Be careful not to overdo the flea treatment as you can poison your dog if you are not careful.
How to Treat the Symptoms of FAD
Hot spots can easily become infected. Bacterial or fungal infections can make the spots far worse, especially when your dog reacts to the flea bite. An application of witch hazel (per your vet's approval and directions) and/or a topical antibacterial product directly to the site can help it heal. A vet can also give your dog cortisone shots to relieve the itching while the spot heals. Diphenhydramine (Benadryl) can also help. Your vet will help you figure out the correct dosage. Medicated shampoos may also work, or an application of a vet-approved topical medication several times a day until the area dries up.
Essential fatty acids are produced in a dog's body in order to maintain healthy skin and a healthy coat. Omega-6, omega-3 fatty acids, and particularly linoleic acid are essential for keeping your dog's skin healthy. If there is a linoleic acid deficiency, you'll begin to see dull fir, hair loss, and dry, inflamed skin. To prevent this, fatty acid supplements can help.
With your vet's approval, try a supplement for 3 to 12 weeks to see if it helps reduce skin irritation. Fatty acids also help your dog's body to absorb vitamins which are important for healthy fur and skin. If you are supplementing, your vet will prefer that you use fish oils as fatty acid supplements for dogs since they contain a proper balance between omega-3 and 6. Pet stores and vets usually carry supplements and supplemented foods that will help prevent FAD.
What About Long-Term Recovery?
If your dog has FAD, it always will. It often gets worse as the dog gets older. Check with your vet as new research is being done with allergy shots to increase a dog's resistance.
The only really effective thing you can do to prevent FAD is to keep the fleas off of Fido.
5. Psychology: Is Your Dog Mentally Healthy?
Dogs are very social animals. They can get bored or stressed, and they even get lonely. Larger dogs like labs and retrievers can sometimes entertain themselves by scratching, chewing, or licking itchy spots on their bodies. As with all insect bites, bacteria can creep into lesions in the skin and cause an infection.

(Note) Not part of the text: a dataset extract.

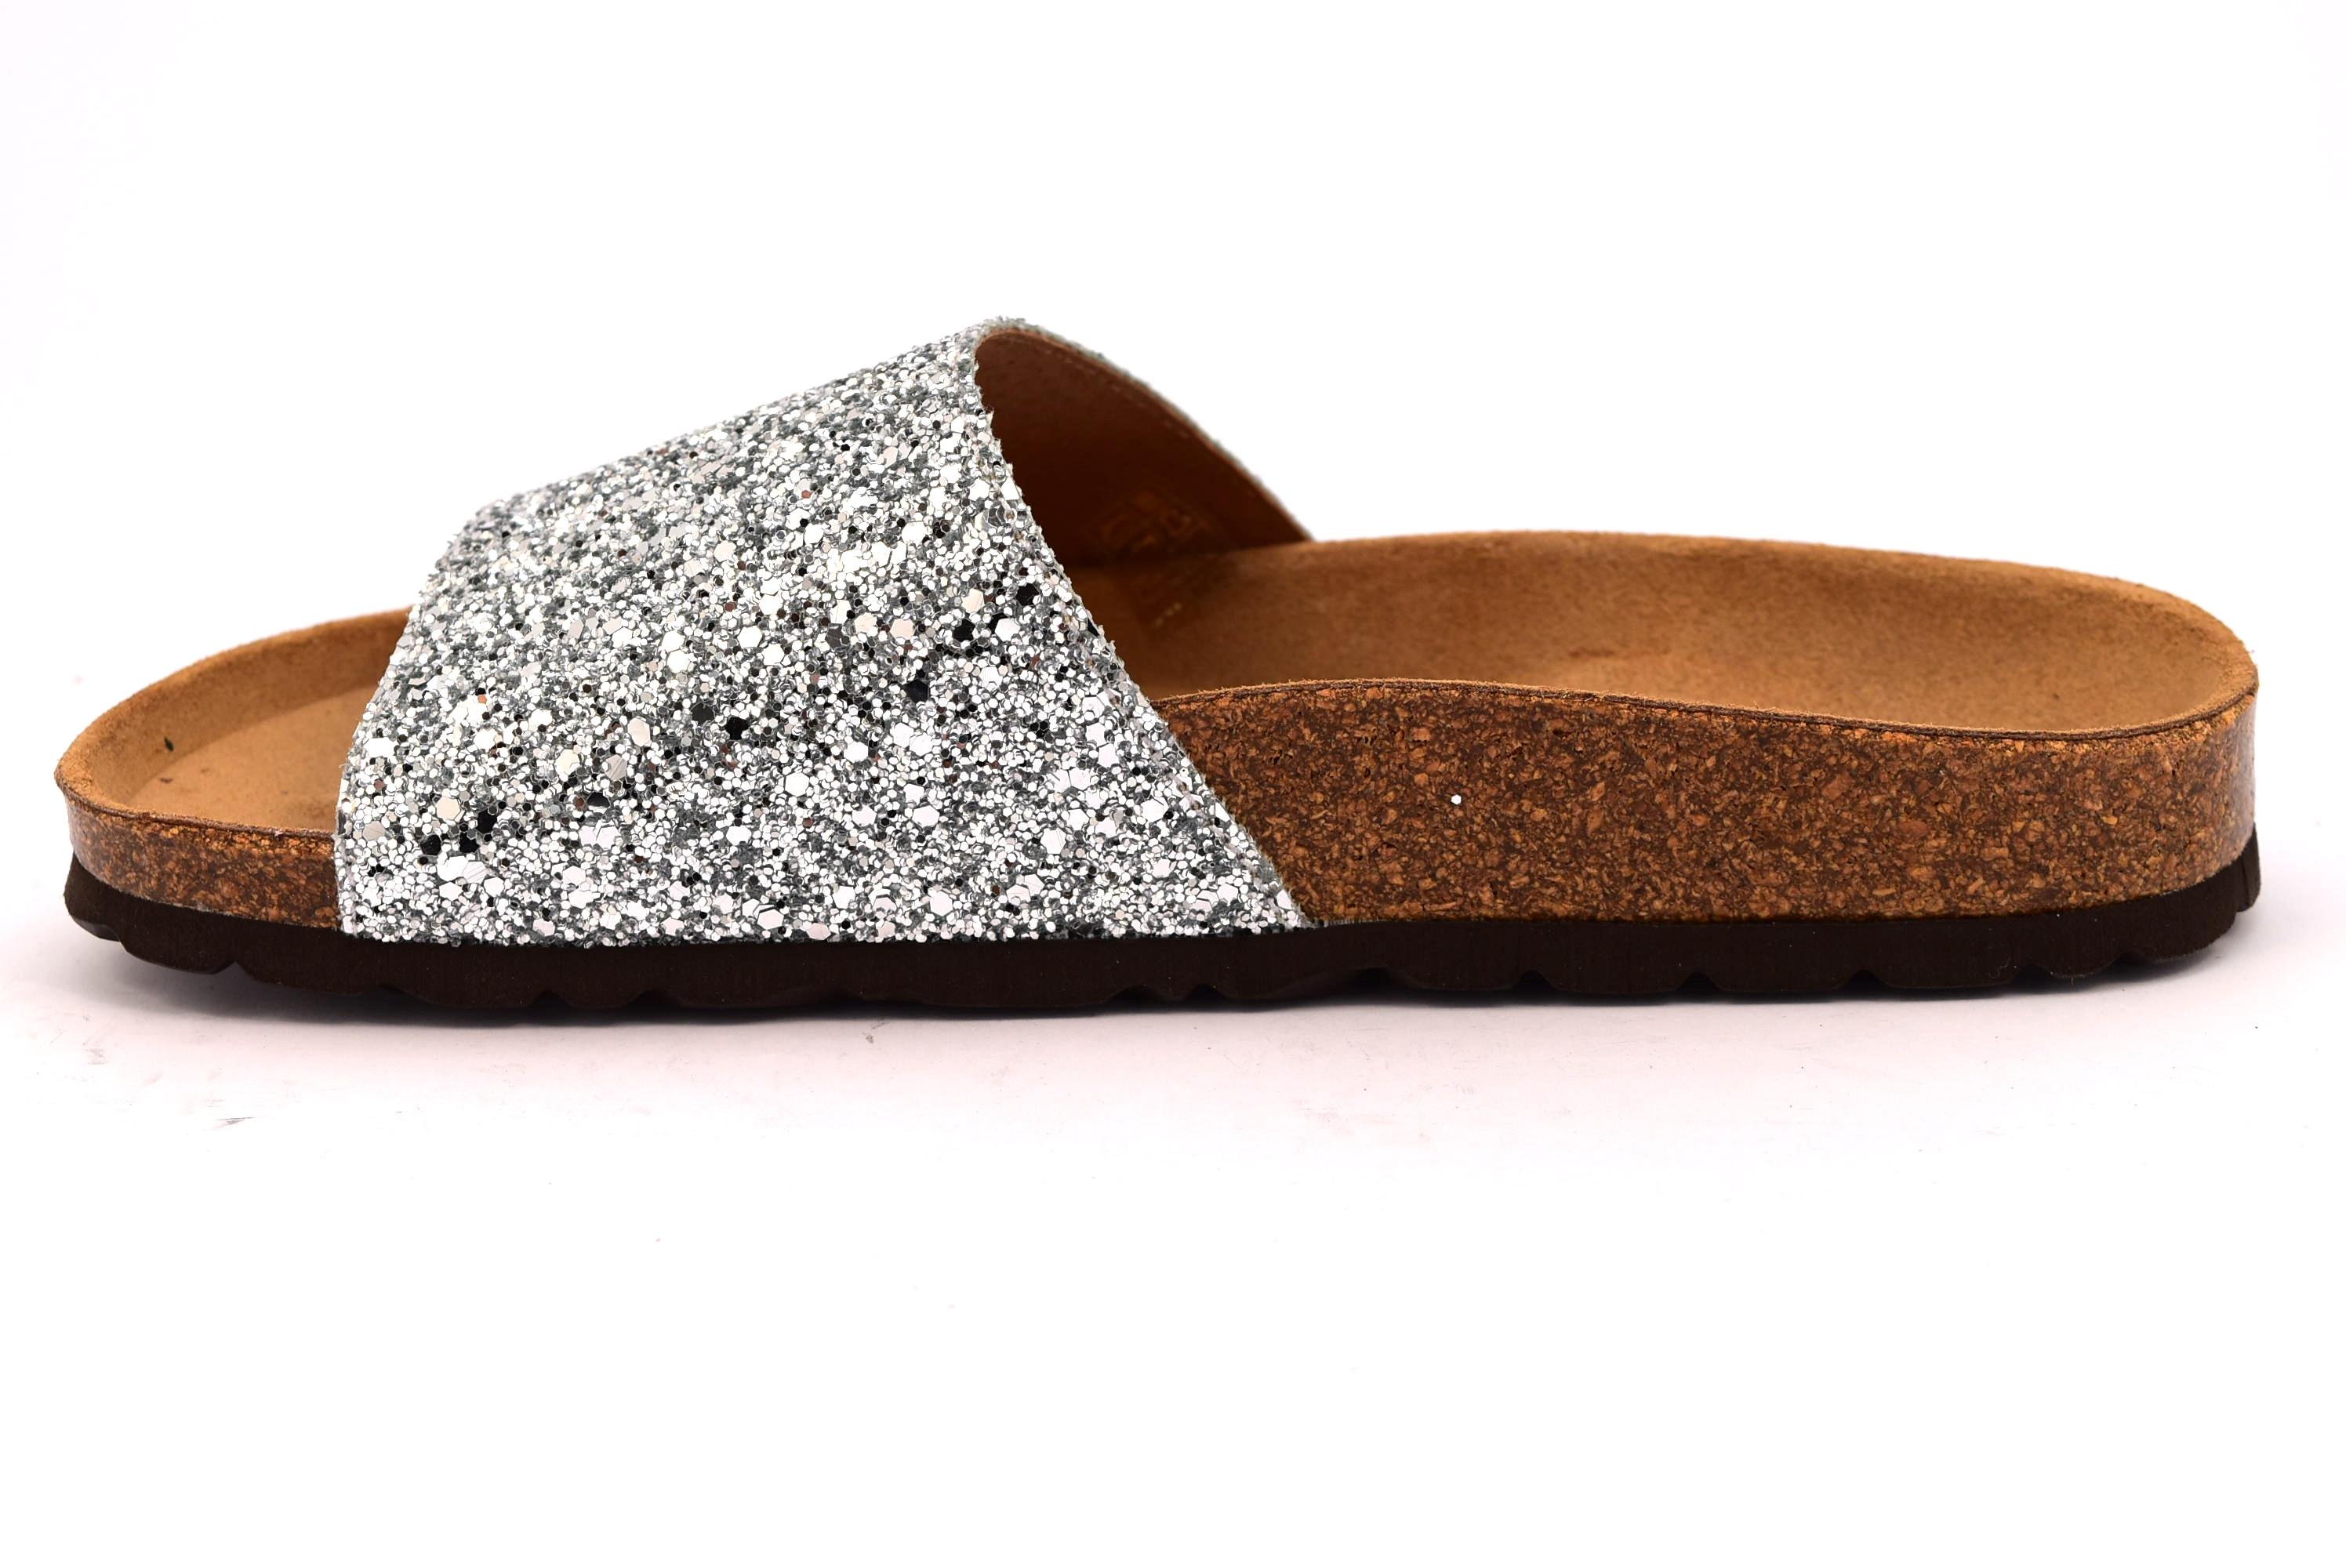 GRUNLAND SARA CB1653 70 ARGENTO scarpe ciabatte donna estive plantare  sottopiede sughero glitter

So, play with your dog! Keep them happy and active, and you can prevent these sorts of problems. Playing with your dog not only helps them stay mentally healthy, but it can also do wonders for your mental health as well.
There! You probably just then smiled simply thinking about playing with your dog didn't you? So go do it! While you're at it, you'll be preventing your pup from having hot spots.
This article is accurate and true to the best of the author’s knowledge. It is not meant to substitute for diagnosis, prognosis, treatment, prescription, or formal and individualized advice from a veterinary medical professional. Animals exhibiting signs and symptoms of distress should be seen by a veterinarian immediately.